Remember when Trump claimed the US Civil War could’ve been ‘negotiated’?
Donald Trump has really run his mouth in past year and made some pretty crazy blunders. His comments about the Civil War made us wonder if he failed history class in school! Click on to read all about it!
They say those who don’t know history are doomed to repeat it. They also say history is first repeated as a tragedy, and then as a farce. However, ignorance can be bliss. If you don’t believe us, just ask Donald Trump.
Three years after the events of the January 6 Capitol Assault, in which violence broke out for the first time in the US Congress, Trump gave his insight about the best way to deal with a nation divided.
“The Civil War was so fascinating, so horrible — but so fascinating,” Trump said during a campaign event, as quoted by Business Insider.
“So many mistakes were made. See, there was something I think could have been negotiated, to be honest with you. All the people died, so many people died,” the former US President added.
Trump’s historical digression went on, arguing that Abraham Lincoln, the founder of the Republican Party, should’ve done more to avoid the bloodshed.
Yale University history professor David Blight criticized Trump’s comments on The Washington Post, labeling them as “historically ignorant” and “elementary school nonsense”.
Former Republican Representative Liz Cheney lambasted Trump, according to The Hill: “Which part of the Civil War ‘could have been negotiated’? The slavery part? The secession part? Whether Lincoln should have preserved the Union?”
“Question for members of the GOP—the party of Lincoln—who have endorsed Donald Trump: How can you possibly defend this?” pointed out Cheney.
The former US President isn’t the only Republican talking about the Civil War. CNN highlights that Republican presidential hopeful Nikki Haley, Trump’s rival in the primaries, had to backtrack after she commented about what ignited the conflict.
Haley was accused of avoiding talking about slavery. According to CNN, the politician argued that she didn’t mention it because “it goes without saying” that it was one of the causes of the Civil War.
The US Civil War was fought between 1861 and 1865, with a death toll north of 620,000 casualties. It was one of the defining moments of US history.
Many experts argue that negotiation was nigh impossible, given the deep fractures dividing US society in the decades before the Civil War.
In the heart of the conflict was the question of slavery, with many of the Southern states that made up the Confederacy stating it so in their official proclamations to secede from the union.

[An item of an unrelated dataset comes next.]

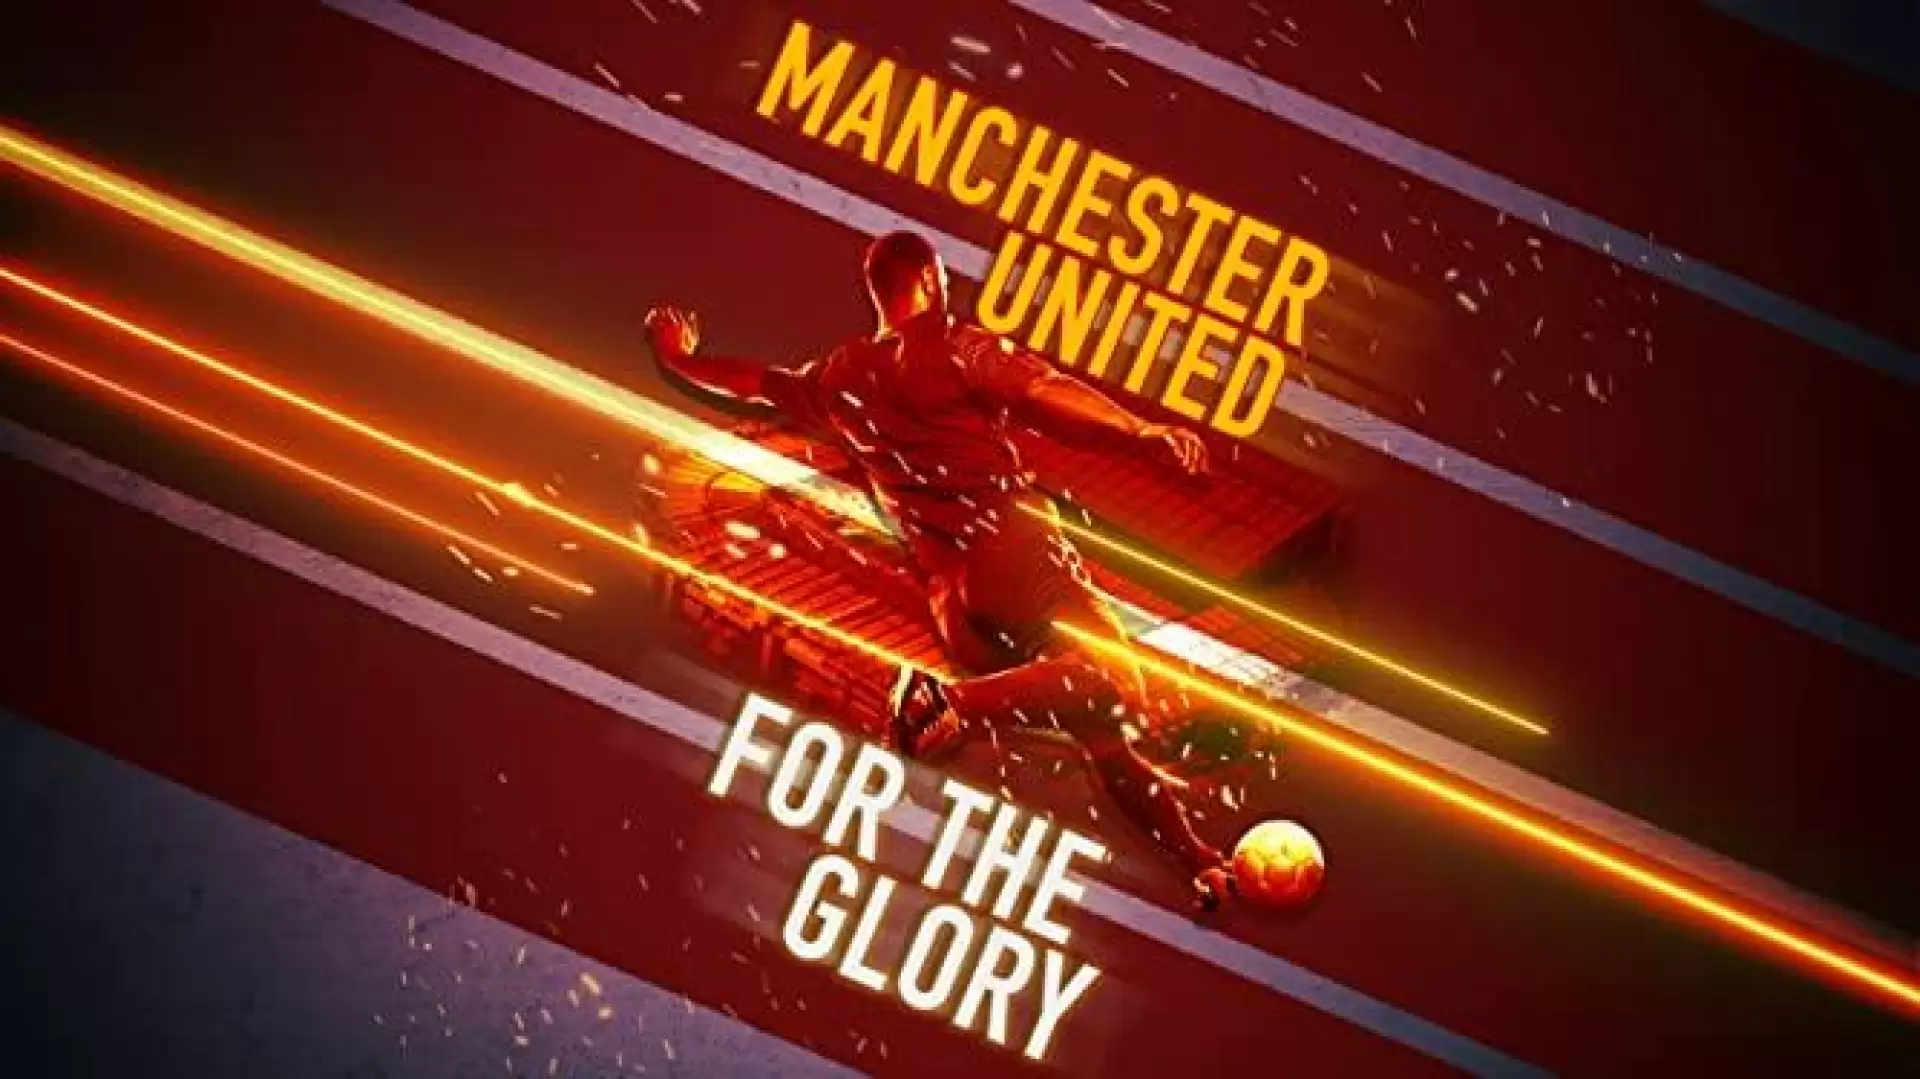 دانلود مستند Manchester United: For the Glory 2020 (منچستر یونایتد: برای افتخار)

The legacy of the US Civil War, however, has been a matter of discussion and controversy pretty much since Robert E. Lee surrendered to Ulysses S. Grant at Appomattox.
In the past decades, symbols and monuments of the Confederacy, such as flags and statues, have been under the scrutiny of a more critical view, one that questions the legacy of secessionists and slaveholders.
With the image of confederate flags disrupting the US Capitol on January 6, 2021, the civil war seems far from becoming irrelevant.